En effet, dans son discours en hommage à Samuel Paty, le président a mis tous les musulmans dans le même sac en déclarant: «Eux séparent les fidèles, des mécréants, lui ne connaissait que des citoyens. Eux se repaissent de l’ignorance. Lui croyait dans le Savoir. Eux cultivent la haine de l’autre. Lui voulait sans cesse en voir le visage.» en faisant référence aux «islamistes».
Était-ce par manque de tact, ou dans un but purement promotionnel en vue des prochaines élections présidentielles en 2022, nul ne saurait le dire avec exactitude.
Dans ce même discours, le président a parlé de la liberté d’expression et de son importance en France qui, d’après lui, a toujours défendu ce principe. Il est important de donner un exemple vivant (bien que très controversé) du deux poids deux mesures quand il s’agit de liberté d’expression en France.

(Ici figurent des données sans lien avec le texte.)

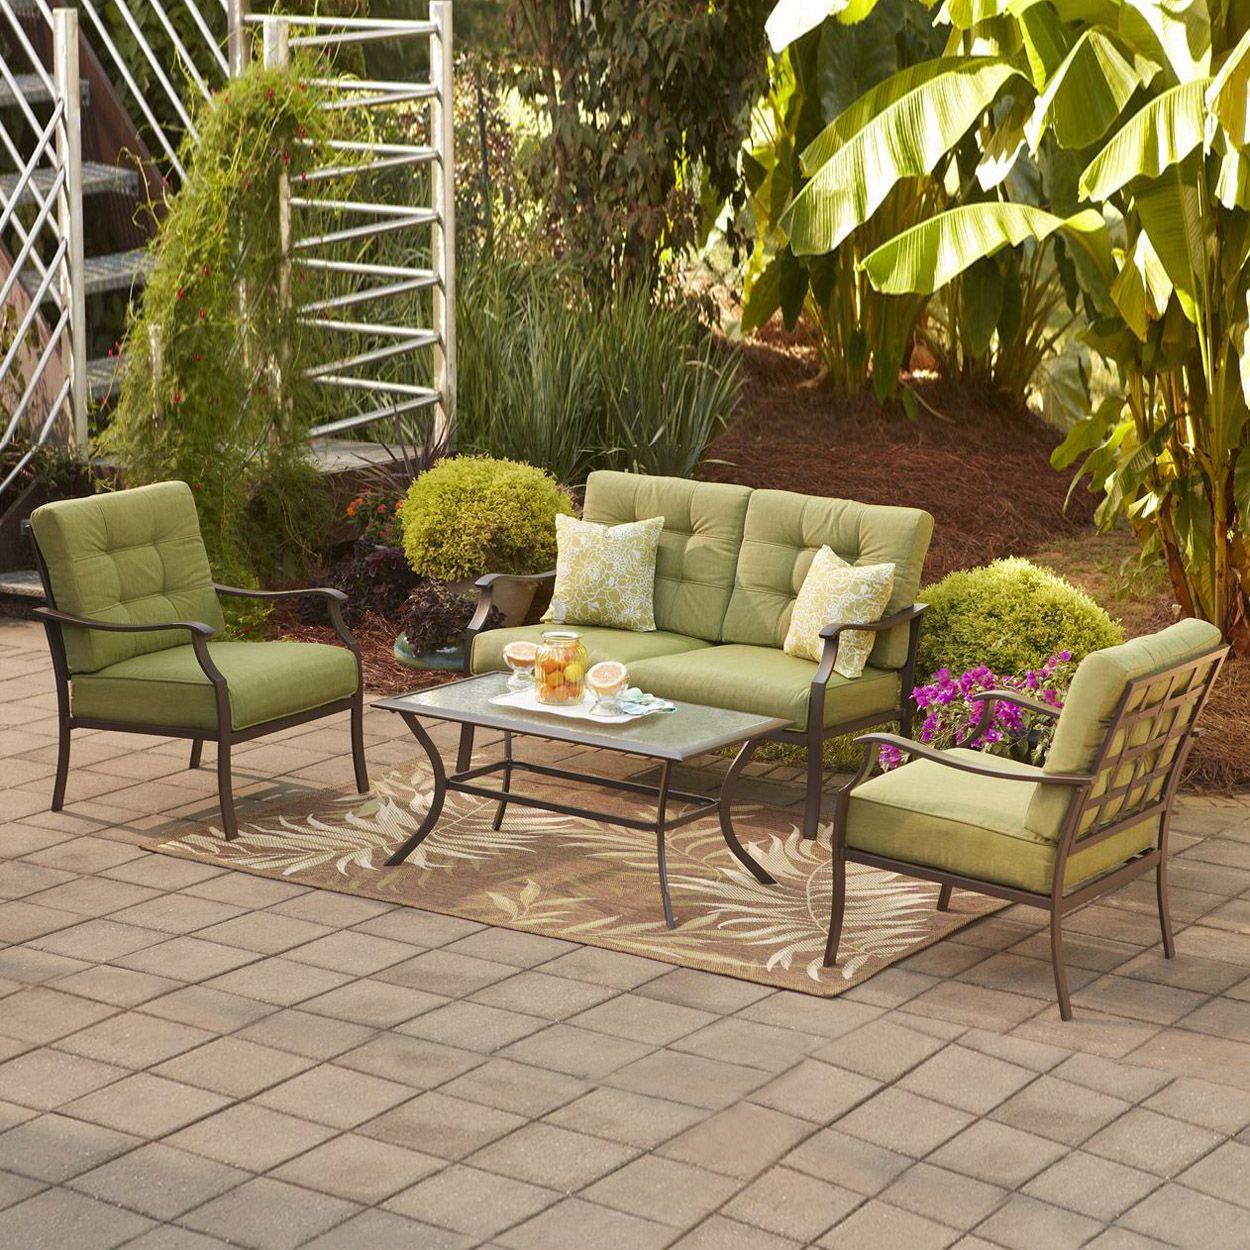 Garden treasures eastmoreland green 4piece outdoor

L’artiste et humoriste Dieudonné M’bala M’bala.
Pendant plus d’une quinzaine d’années, l’humoriste fut traqué et chassé par la classe politique française de Sarkozy à Macron, pour cause « d’antisémitisme » alors que lui aussi ne faisait qu’appliquer son droit à la liberté d’expression.
Il est utile de se poser une question: pourquoi Dieudonné (humoriste) qui faisait des sketchs sur les victimes de la Shoah -entre autres- fut traqué comme une bête et eut plusieurs plaintes déposées à son encontre par des organisations tel que la Licra et la LDJ, au point d’être contraint à l’heure actuelle de ne plus pouvoir donner de spectacle.
Alors que Charlie Hebdo dont la première polémique sur les caricatures du prophète Muhammad (S.A.W.S) remonte à 2006 a eu le soutien inconditionnel de plusieurs gouvernements français sur plusieurs années ?




En rappelant une fois de plus que l’un est un humoriste, et que l’autre est un journal satirique. Où est donc la liberté d’expression que défend le président Macron dans ce cas ? Une fois de plus, nul ne saurait le dire avec exactitude.
Face à cette campagne de boycott des produits français, le royaume après avoir condamné les caricatures du prophète (S.A.W.S), n’a pas retiré les produits français des rayons des supermarchés, respectant ainsi les partenariats faits entre les deux pays. La France aura néanmoins eu droit au soutien de pays tels que la Belgique, le Canada, ou encore l’Inde.
Ce dernier a même soutenu les propos du président français. Sur Twitter le hashtag #WeStandWithFrance a exprimé son soutien face à la polémique au point même que certains internautes ont assurés que tous les musulmans sont des terroristes.




C’est à travers ces paroles que l’on se rend compte, une fois de plus, que l’islam est devenu un sujet d’actualité récurent partout dans le monde. Un monde déjà secoué par des crises financières et sanitaires, un monde de plus en plus en proie à la division. L’amalgame entre musulmans et terroristes est devenue monnaie courante.
C’est aussi souvent ceux qui ne connaissent pas l’Islam qui le critiquent avec virulence, et véhiculent des informations fausses et erronées à son sujet, faisant croire aux autres que l’islam est une religion brutale et conquérante visant à assiéger des pays et à tuer les infidèles, ce qui n’est bien évidemment pas le cas.
Sénèque avait dit : « Étudie, non pour savoir plus, mais pour savoir mieux. », il serait en effet préférable de ne critiquer une religion qu’après l’avoir bien étudiée.